Barnier sagte, er habe “noch etwas Geduld”. Es sei nun aber an Großbritannien, Lösungswege aufzuzeigen. Zugleich machte er deutlich, dass der mit dem Vereinigten Königreich ausgehandelte Austrittsvertrag der einzige Weg sei, mit dem die Briten die EU geregelt verlassen könnten. Ansonsten drohe ein harter Brexit oder eine lange Verschiebung des Austrittsdatums.
KOMMISSION UND ZENTRALBANKEN VORSICHTIG
Die EU-Kommission warnte vor den Folgen eines ungeordneten Brexits für die Finanzmärkte. “Wir werden nicht in der Lage sein, alle möglichen negativen wirtschaftlichen Auswirkungen abzumildern”, sagte Finanzdienstleistungskommissar Valdis Dombrovskis. Es werde zu Störungen kommen. Zugleich kündigte die britische Notenbank zusätzliche Liquiditätsspritzen für Banken an, um Brexit-Verwerfungen an den Finanzmärkten zu verhindern.
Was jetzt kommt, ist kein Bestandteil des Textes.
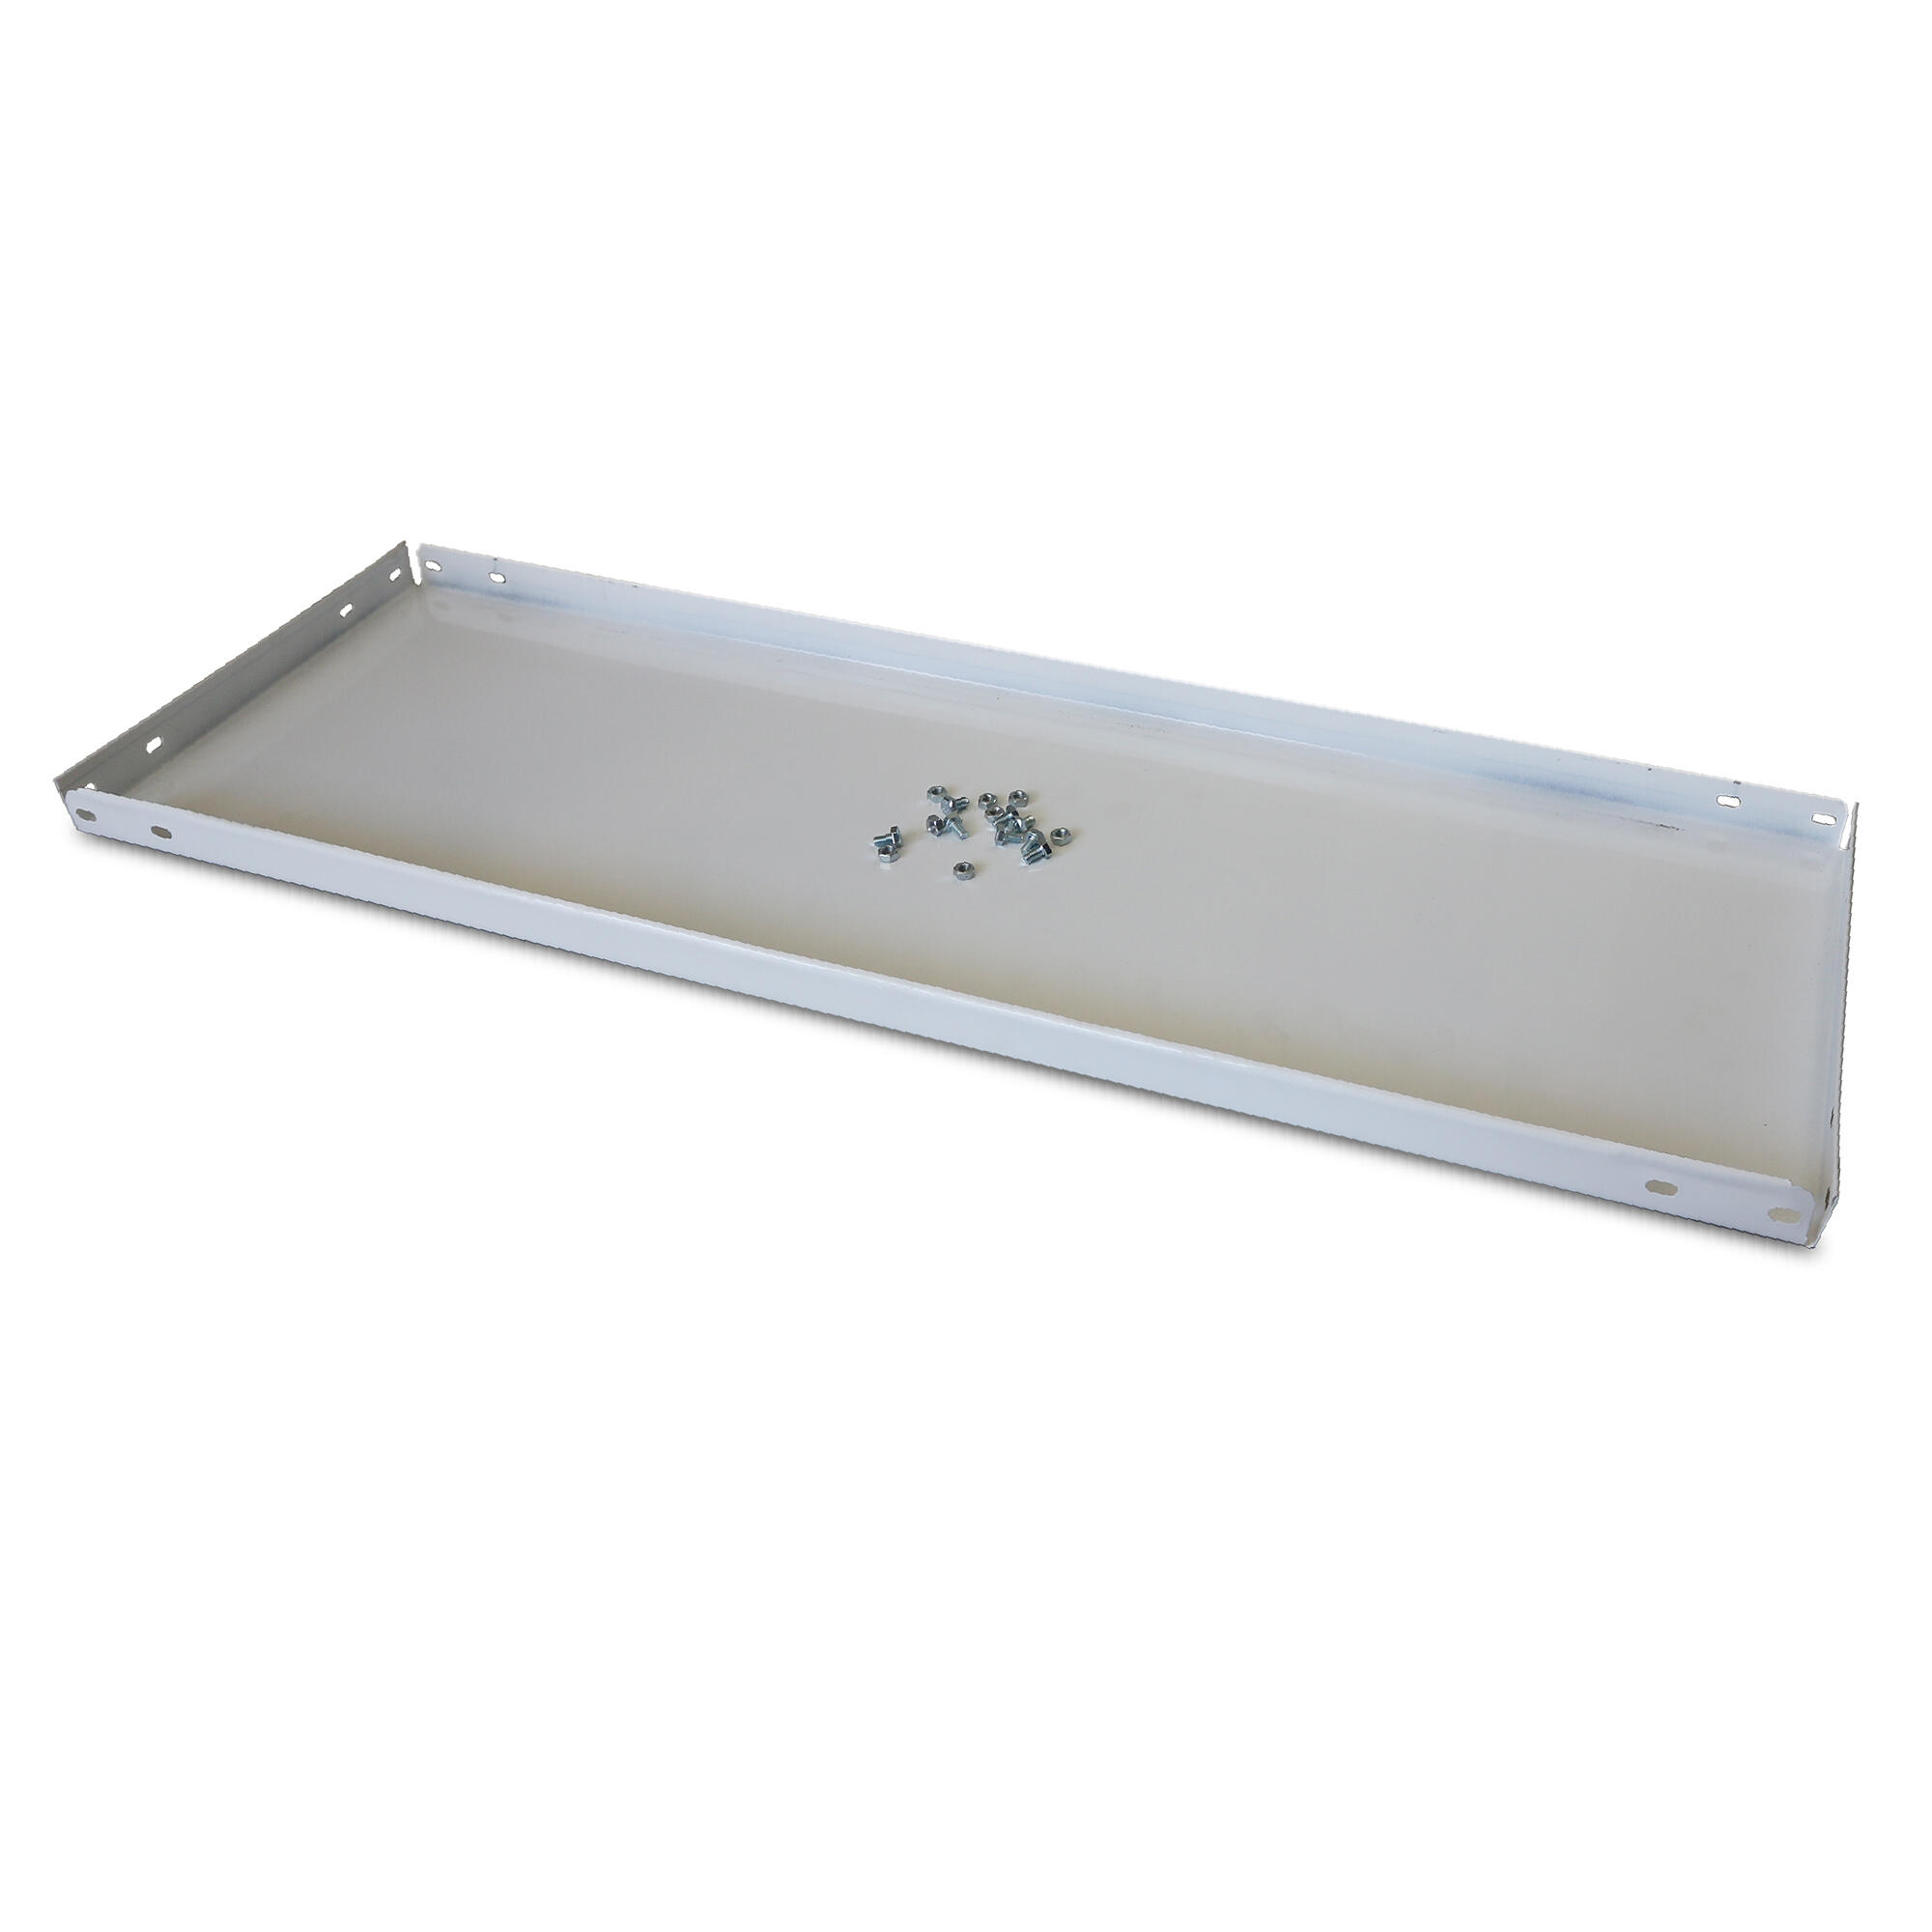 Balda recta para sistema de estantes de acero blanco de 100x50cm
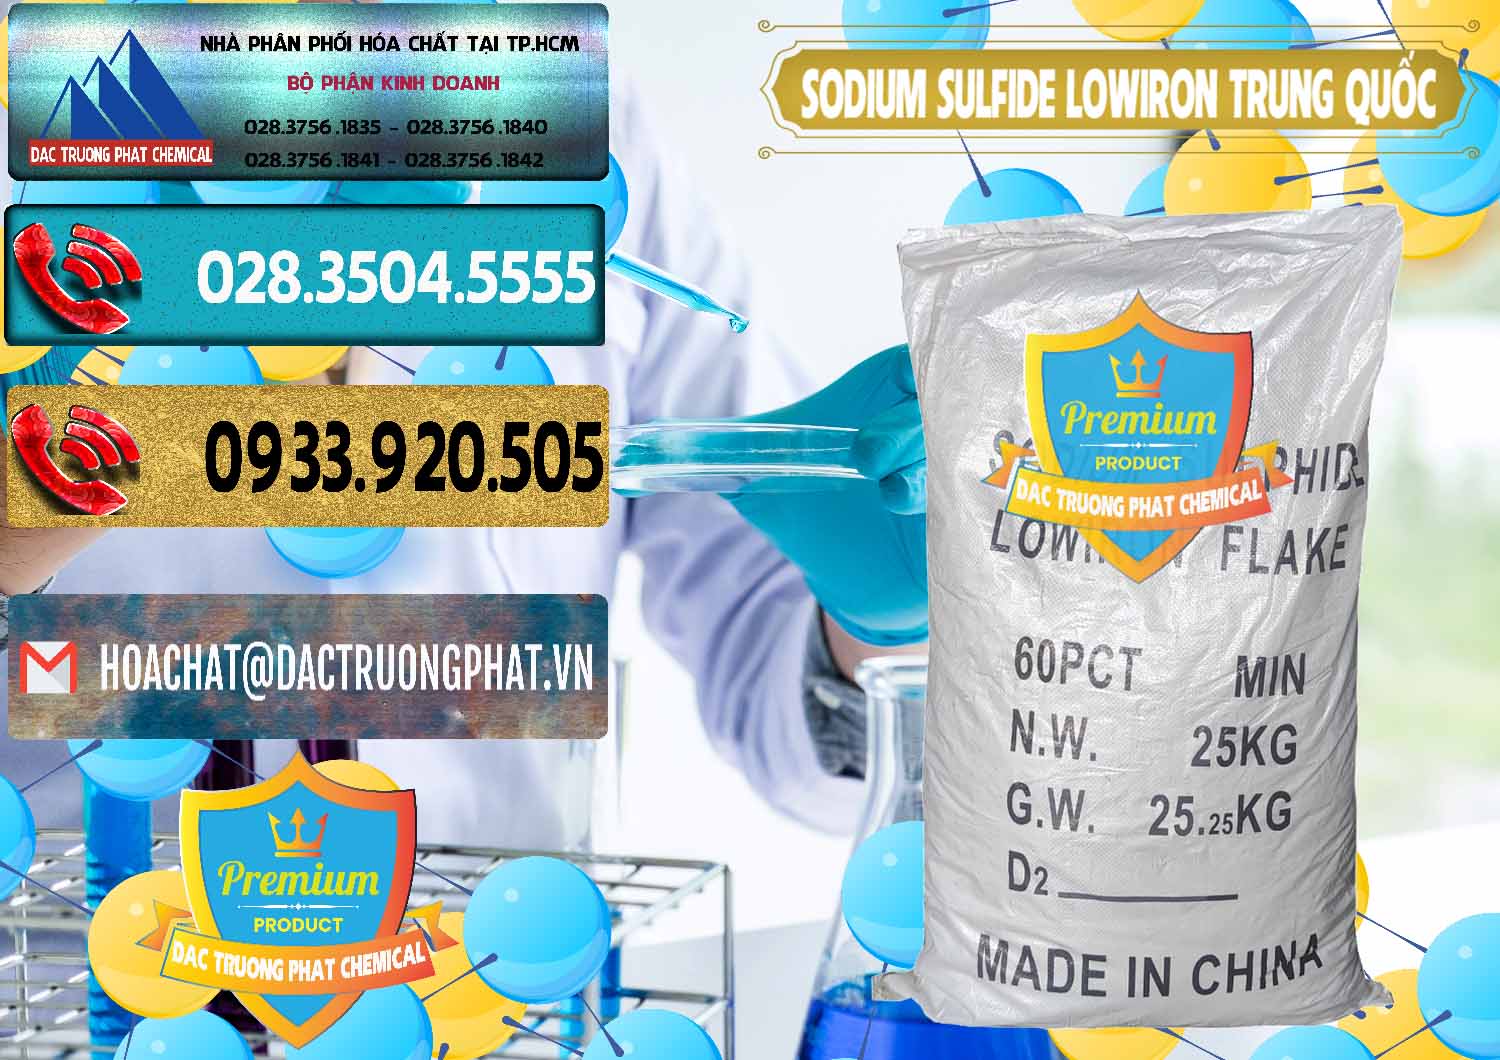 Cty chuyên kinh doanh và bán Sodium Sulfide NA2S – Đá Thối Lowiron Trung Quốc China - 0227 - Đơn vị chuyên phân phối & nhập khẩu hóa chất tại TP.HCM - hoachatdetnhuom.com

Frankreichs Notenbankchef Francois Villeroy de Galhau sagte, die Börsen hätten die gestiegene Gefahr eines harten Brexit noch nicht ausreichend berücksichtigt. Die Märkte müssten dieses Risiko aber in die Kurse aufnehmen, auch beim britischen Pfund. Die EZB stehe notfalls bereit, britischen Banken Euro zu leihen. Auch die britische Notenbank will mit zusätzlichen Liquiditätsspritzen für Banken Verwerfungen verhindern.
Gleichzeitig bereiten sich auch Großkonzerne auf den Ernstfall vor. Ford steckt nach eigenen Angaben bereits zweistellige Millionen-Summen in Vorkehrungen für einen Brexit ohne Abkommen. Im besten Fall werde man das Geld am Ende umsonst für solche Zwecke ausgegeben haben. Der US-Konzern hat gewarnt, auf ihn könnten bei einem harten Brexit Zollkosten in Höhe von einer Milliarde Dollar zukommen.